→ DATA FOR THIS TASK
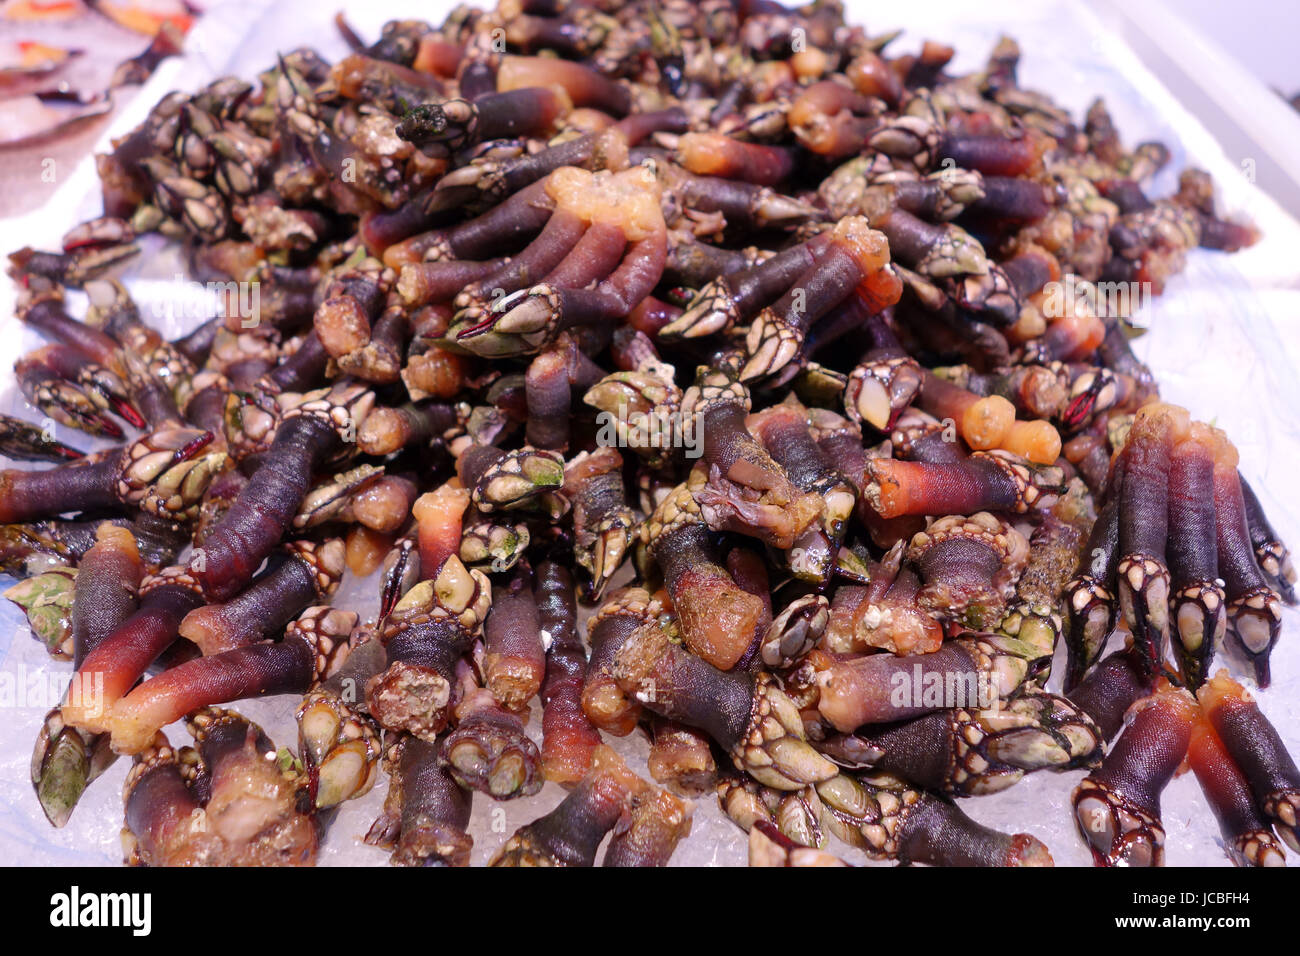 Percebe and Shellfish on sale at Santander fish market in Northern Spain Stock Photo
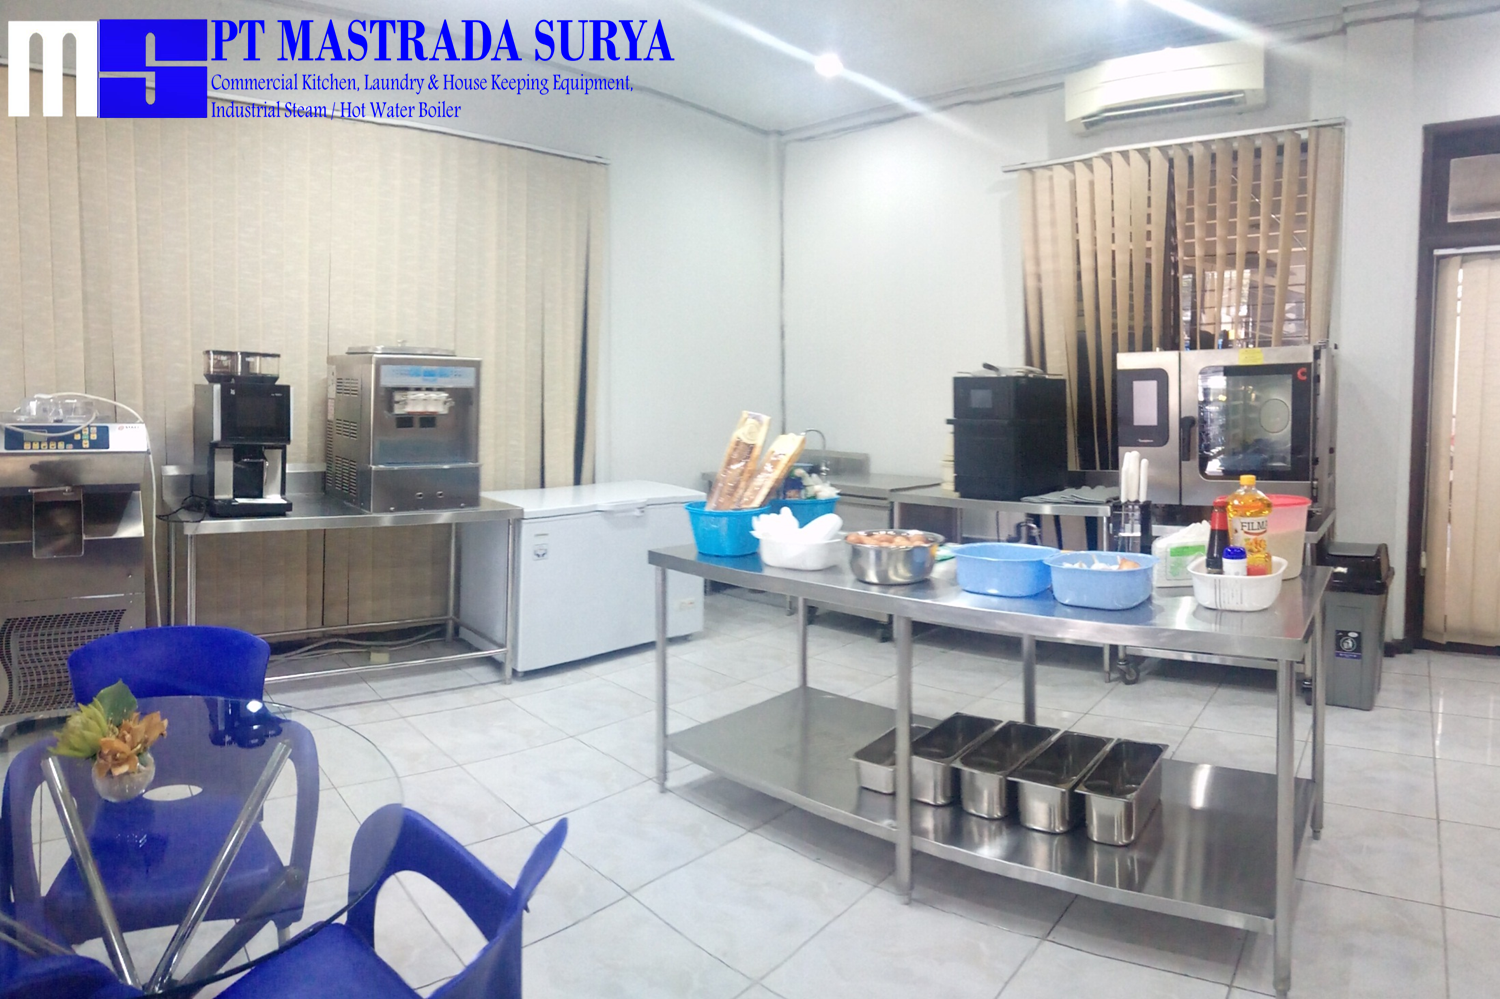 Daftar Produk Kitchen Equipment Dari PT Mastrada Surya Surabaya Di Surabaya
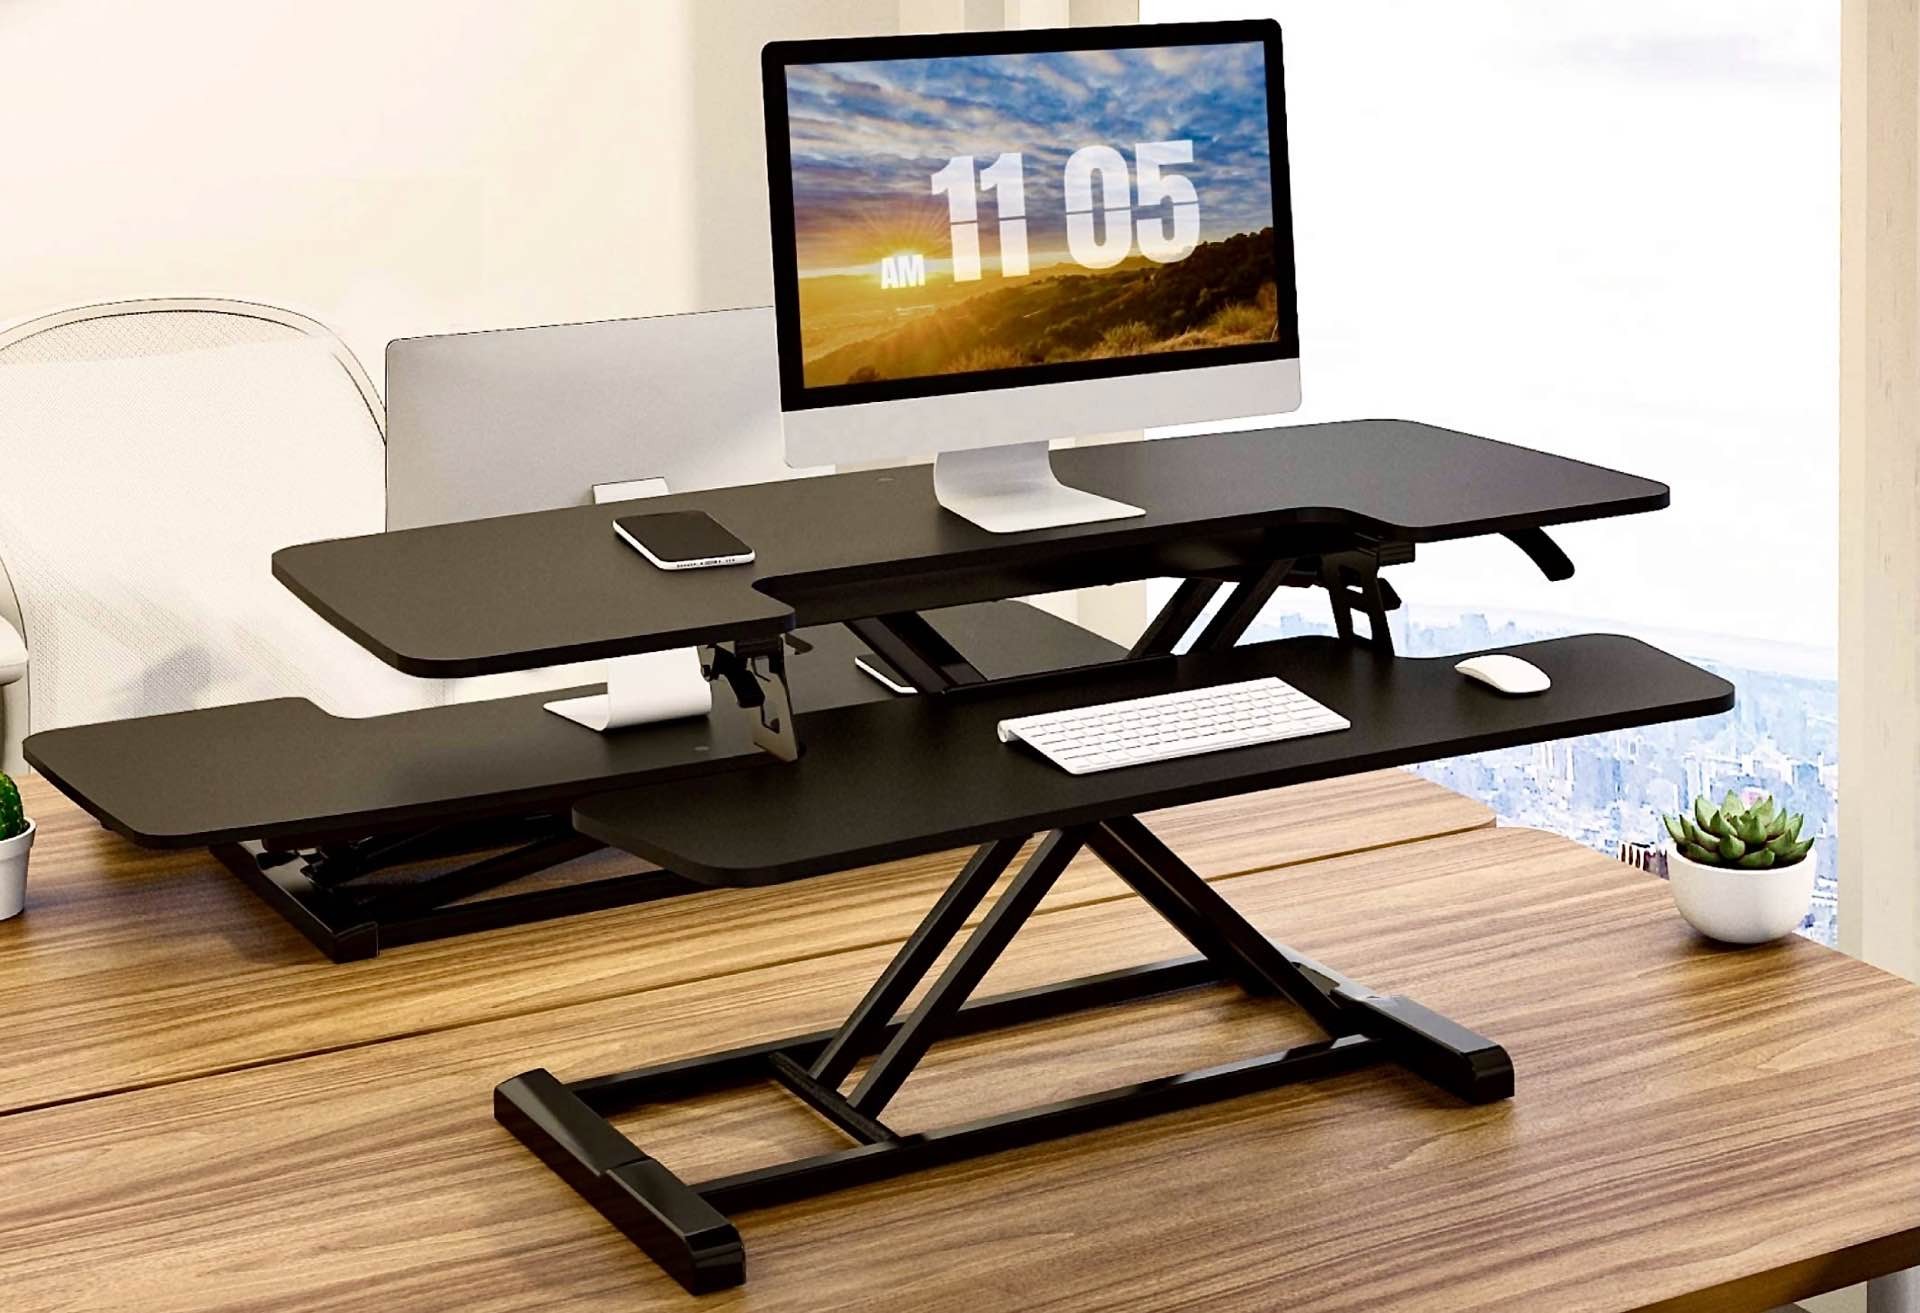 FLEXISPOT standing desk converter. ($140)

* * *

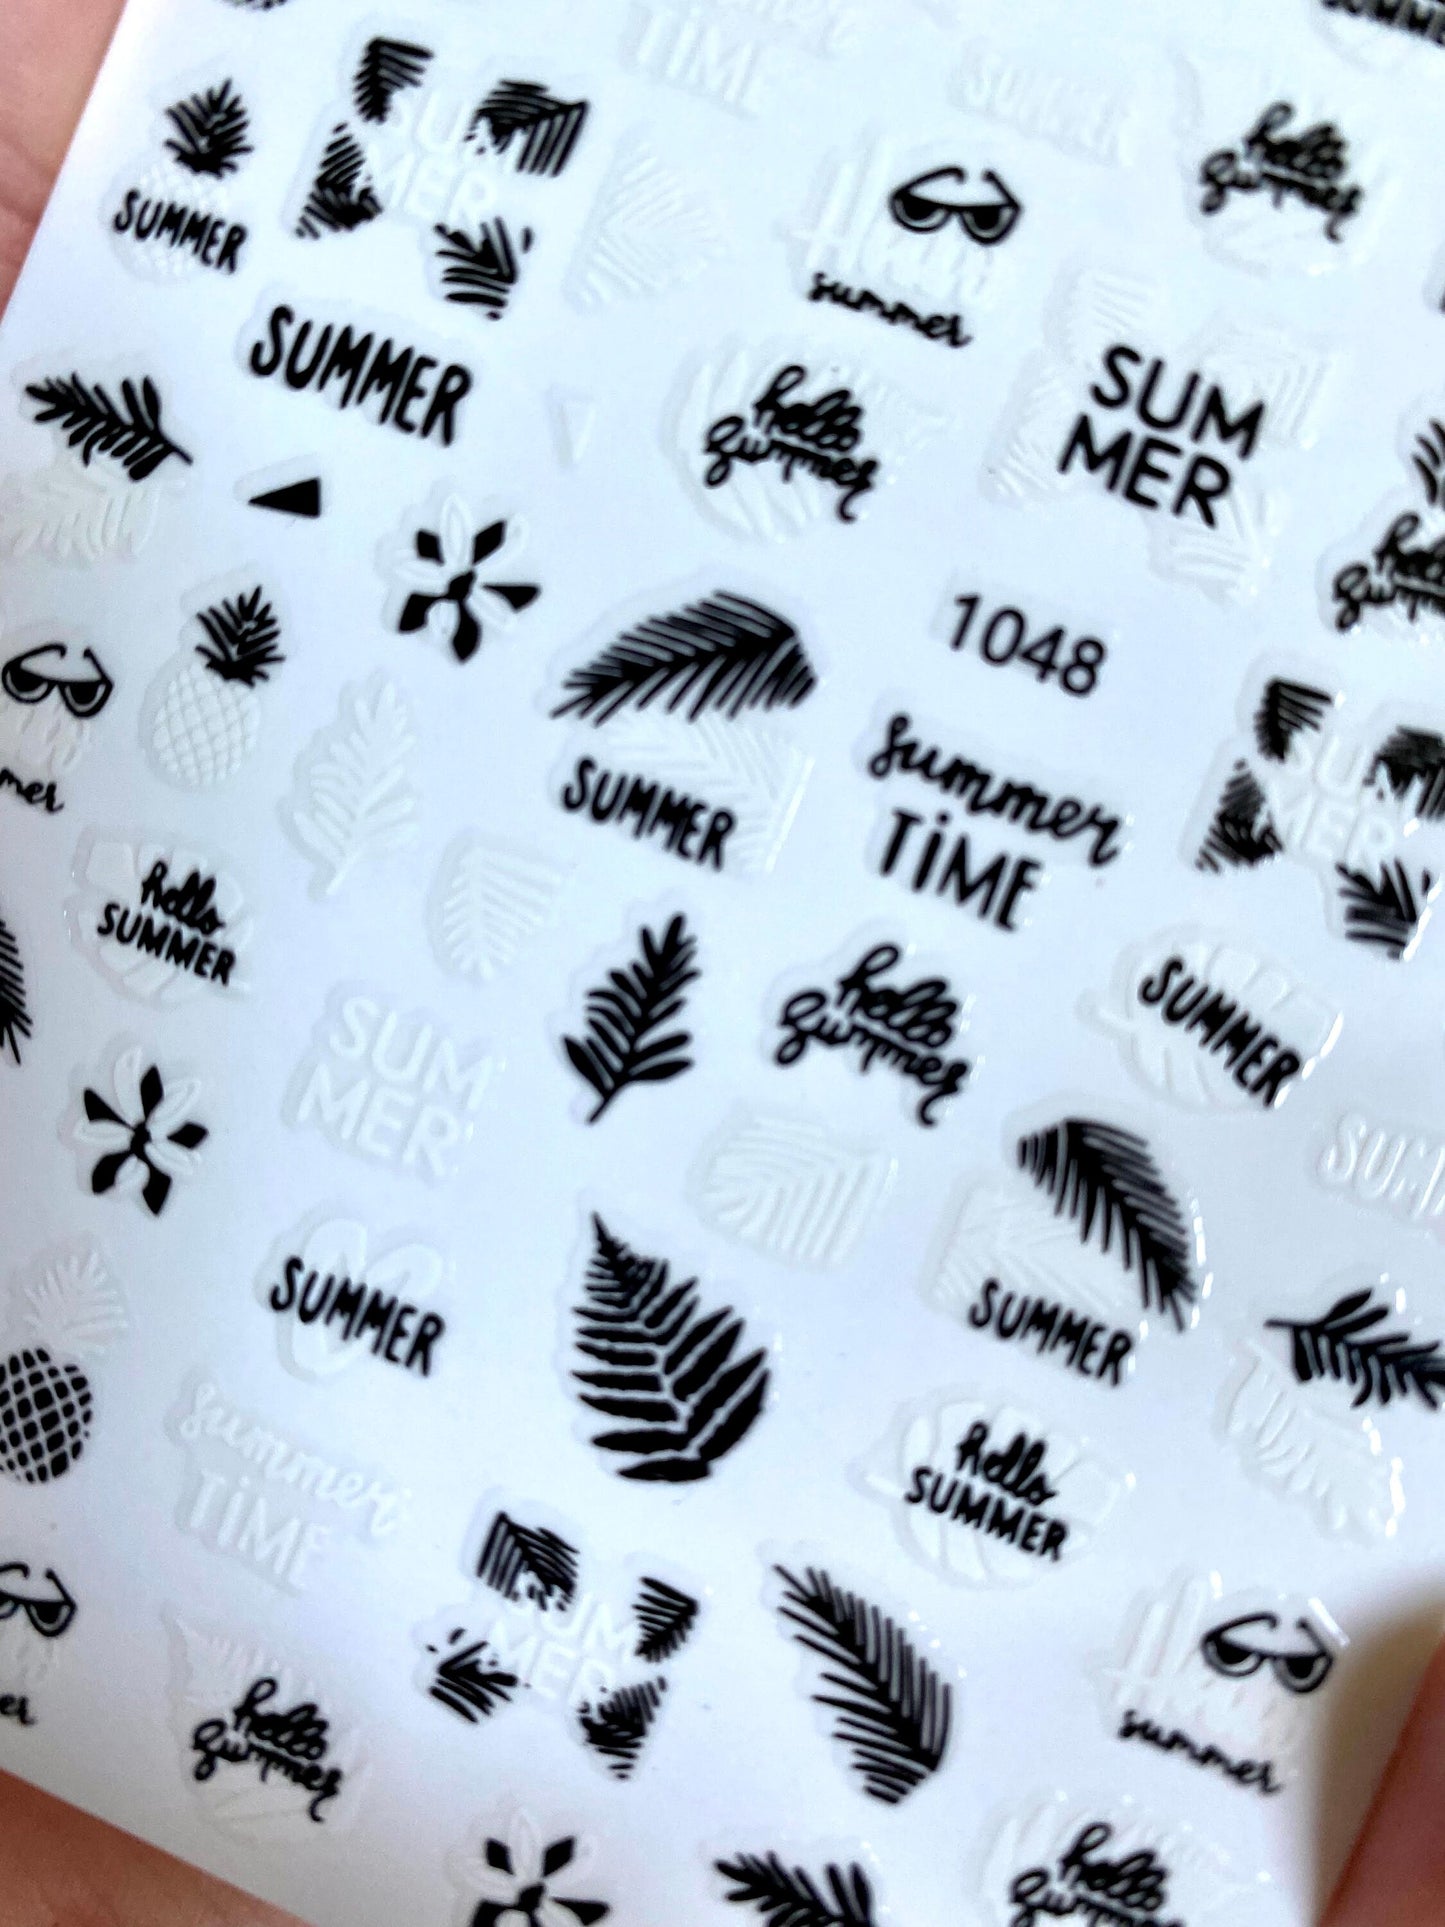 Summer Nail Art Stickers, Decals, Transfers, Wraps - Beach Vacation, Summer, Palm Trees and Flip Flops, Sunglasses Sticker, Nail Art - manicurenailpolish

→ GOAL OF THE EXERCISE
Only the lines starting at the one with "Percebe and Shellfish" and ending at the one with "FLEXISPOT standing desk converter. ($140)" should be printed, each exactly as it appears in the material above; the pictures are to be omitted.

→ RESULT FOR THIS TASK
 Percebe and Shellfish on sale at Santander fish market in Northern Spain Stock Photo
 Daftar Produk Kitchen Equipment Dari PT Mastrada Surya Surabaya Di Surabaya
 FLEXISPOT standing desk converter. ($140)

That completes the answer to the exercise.